Tiempo de lectura: 2 minutos

El Servicio de Impuestos Internos tiene una plantilla relativamente modesta, teniendo en cuenta su función y misión. Sin embargo, la agencia federal tiene un duro trabajo persiguiendo a millones de contribuyentes estadounidenses por lo que deben pero no quieren pagar. Las estimaciones de impuestos impagados apuntan a una cifra cercana al medio billón de dólares. Sin embargo, una vez que el IRS cuente con más personal, debería ser capaz de atrapar a los defraudadores fiscales que solicitan desgravaciones que no deberían obtener o a las personas que simplemente ocultan ingresos.

Pero, ¿cómo descubre exactamente Hacienda a los evasores fiscales?

Análisis de datos

El IRS examina los detalles disponibles en cada declaración de la renta y también compara los datos de esos formularios con lo que el empleador de cada declarante tiene que decir acerca de sus ingresos. En otras palabras, examinan los formularios W-2, 1099 y el Anexo K-1 para ver si la información que contienen coincide con la de cada declaración de la renta. Los ordenadores del IRS también buscan información en historiales médicos y facturas de tarjetas de crédito para ver si los declarantes gastan más dinero del que dicen haber ganado.

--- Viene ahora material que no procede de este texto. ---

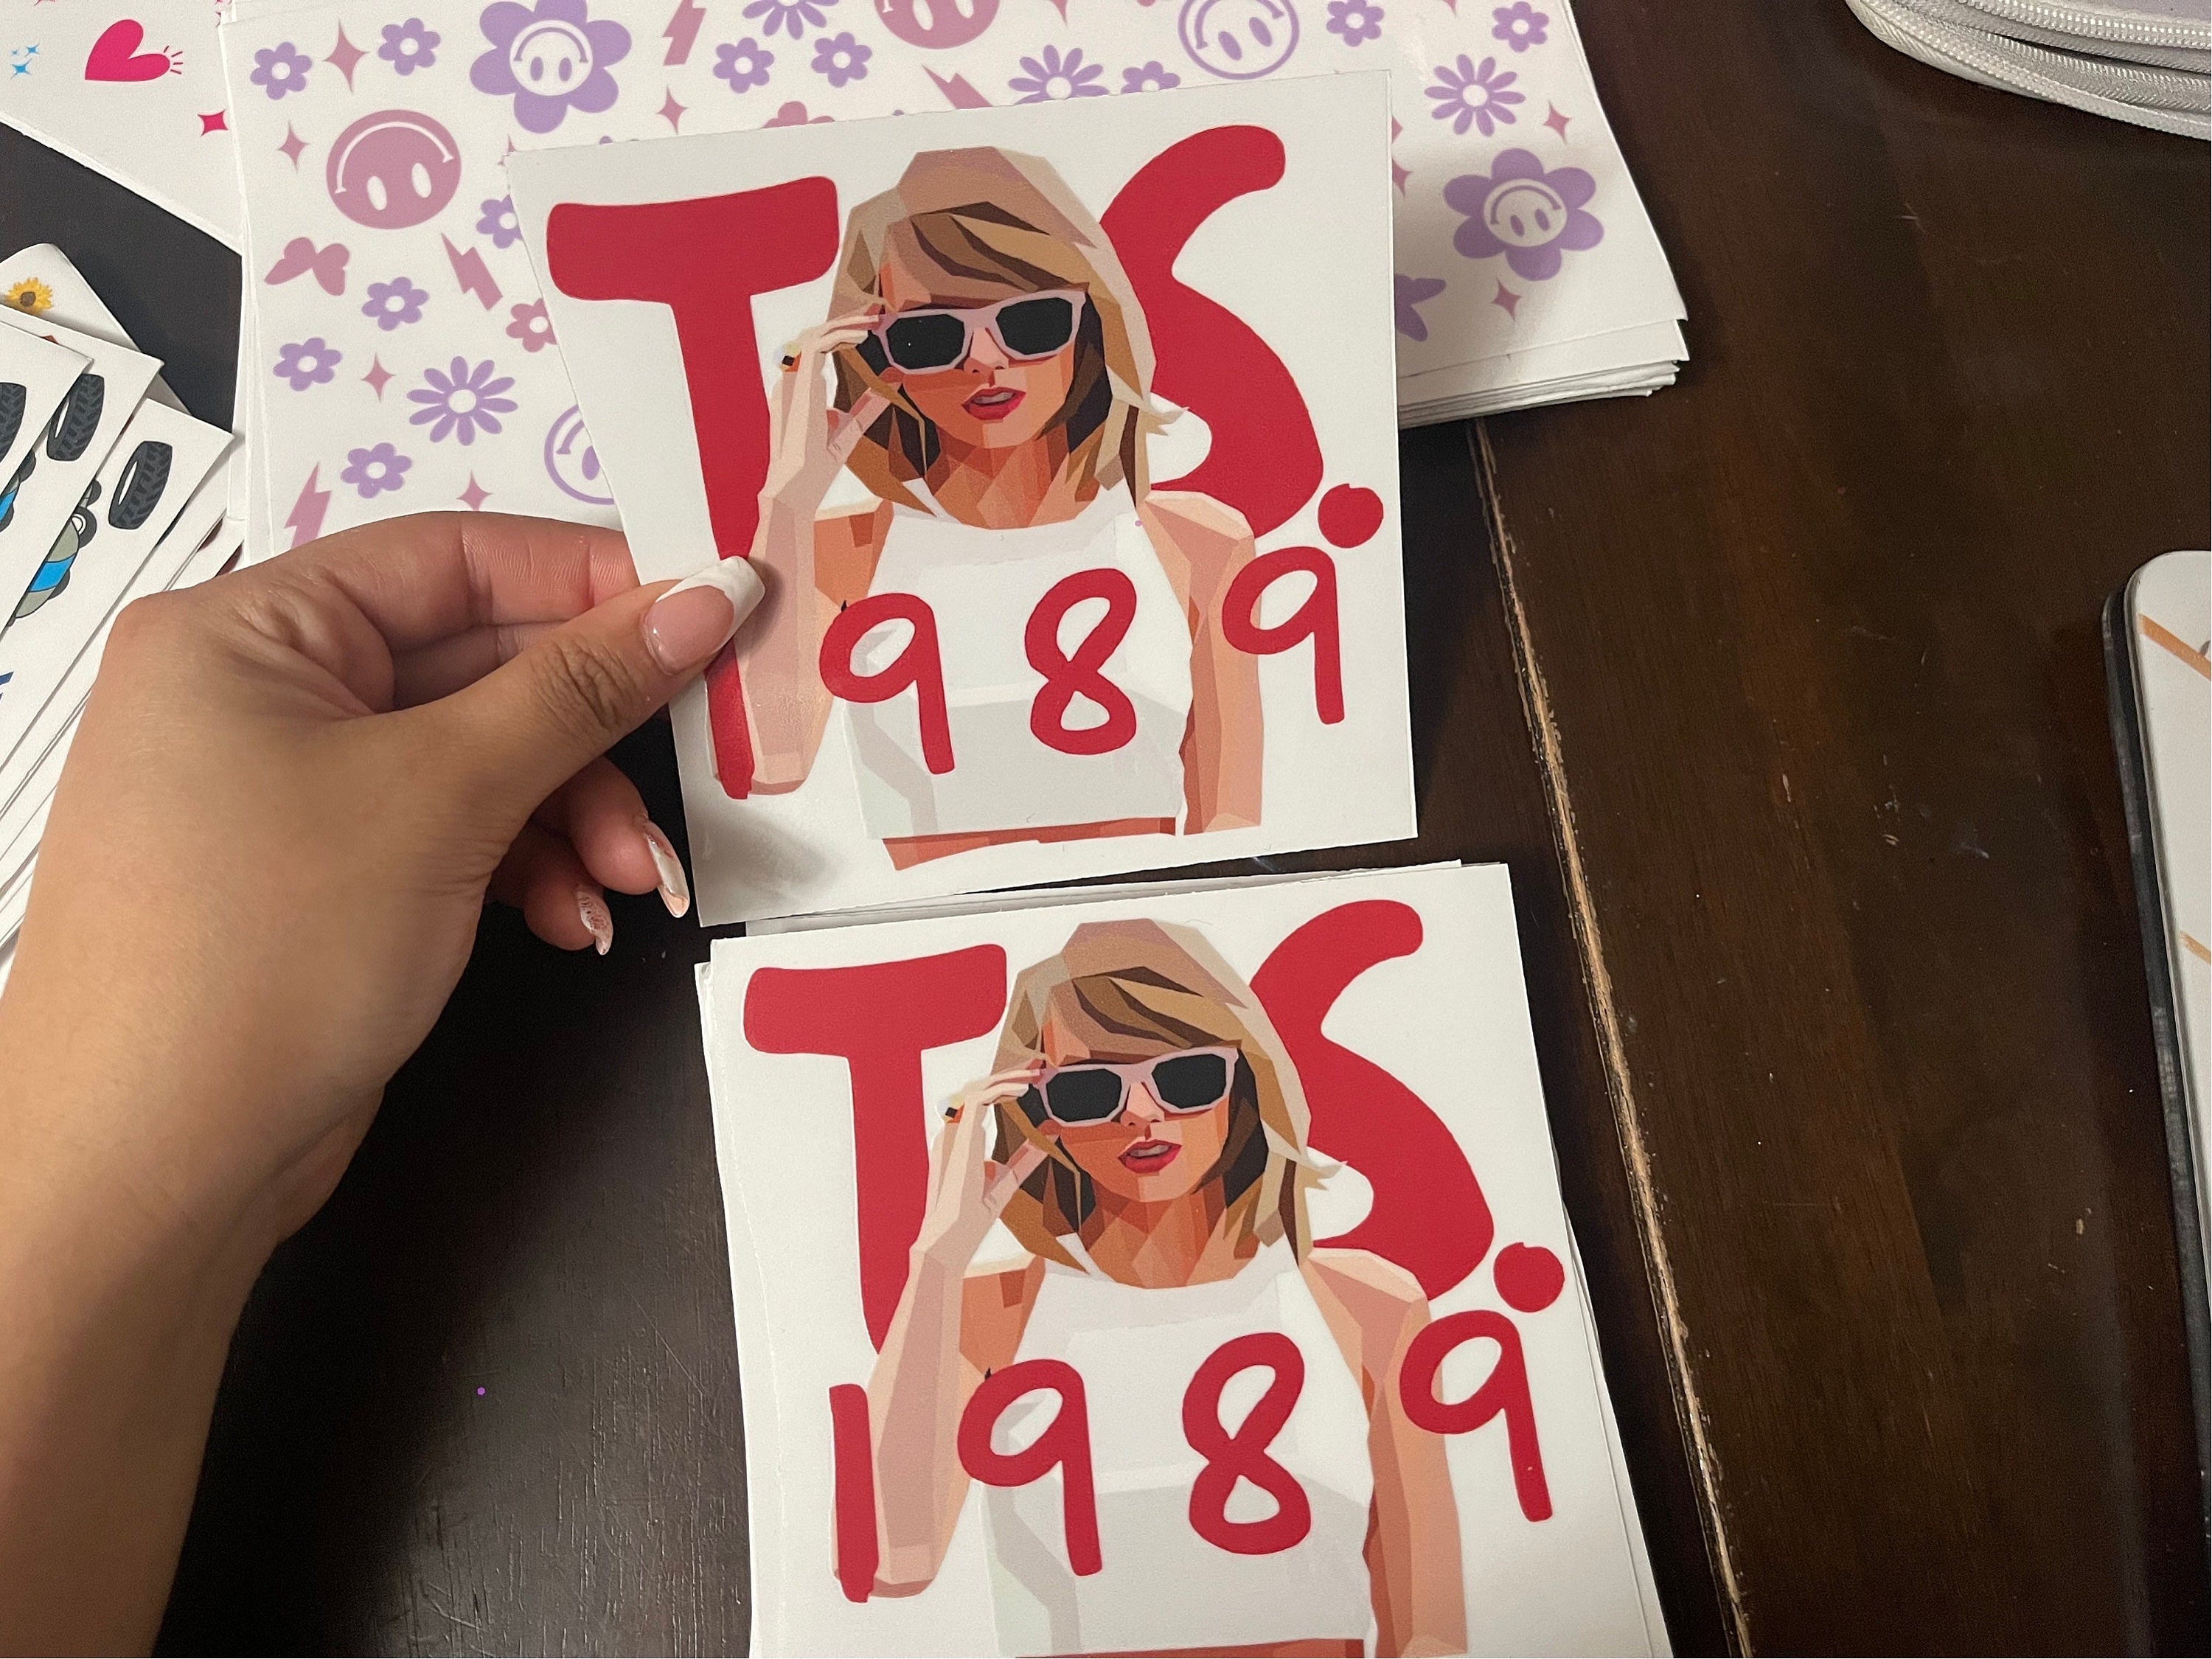 🩵 This exclusive #1989TaylorsVersion UVDTF cup wrap and straw topper

El IRS ya hace estas cosas y reclama cada año cerca de 500 millones de dólares en devoluciones de impuestos inmerecidas. Estas actividades de investigación podrían recibir un impulso con los nuevos trabajadores que consiga el IRS.

Información de los informadores

Hacienda puede recibir delaciones de todo tipo de denunciantes. Un empleado del evasor fiscal puede delatarle; otras veces, puede ser su cónyuge. Pueden hacerlo simplemente por sentido del deber hacia su nación, para vengarse de esos evasores fiscales por malos tratos pasados, o por el dinero de la recompensa (hasta el 30% de lo que recaude el IRS actuando a partir de la información que recibe). El IRS sólo actúa a partir de pistas sobre declarantes de impuestos que tengan unos ingresos brutos de al menos 200.000 dólares al año.

Tenga en cuenta que si planea evadir sus obligaciones fiscales, la probabilidad de salirse con la suya es menor cada año porque cada vez hay más agentes del IRS en el trabajo, olfateando a los tramposos. El riesgo de pagar costosas multas e ir a la cárcel es simplemente mayor que antes.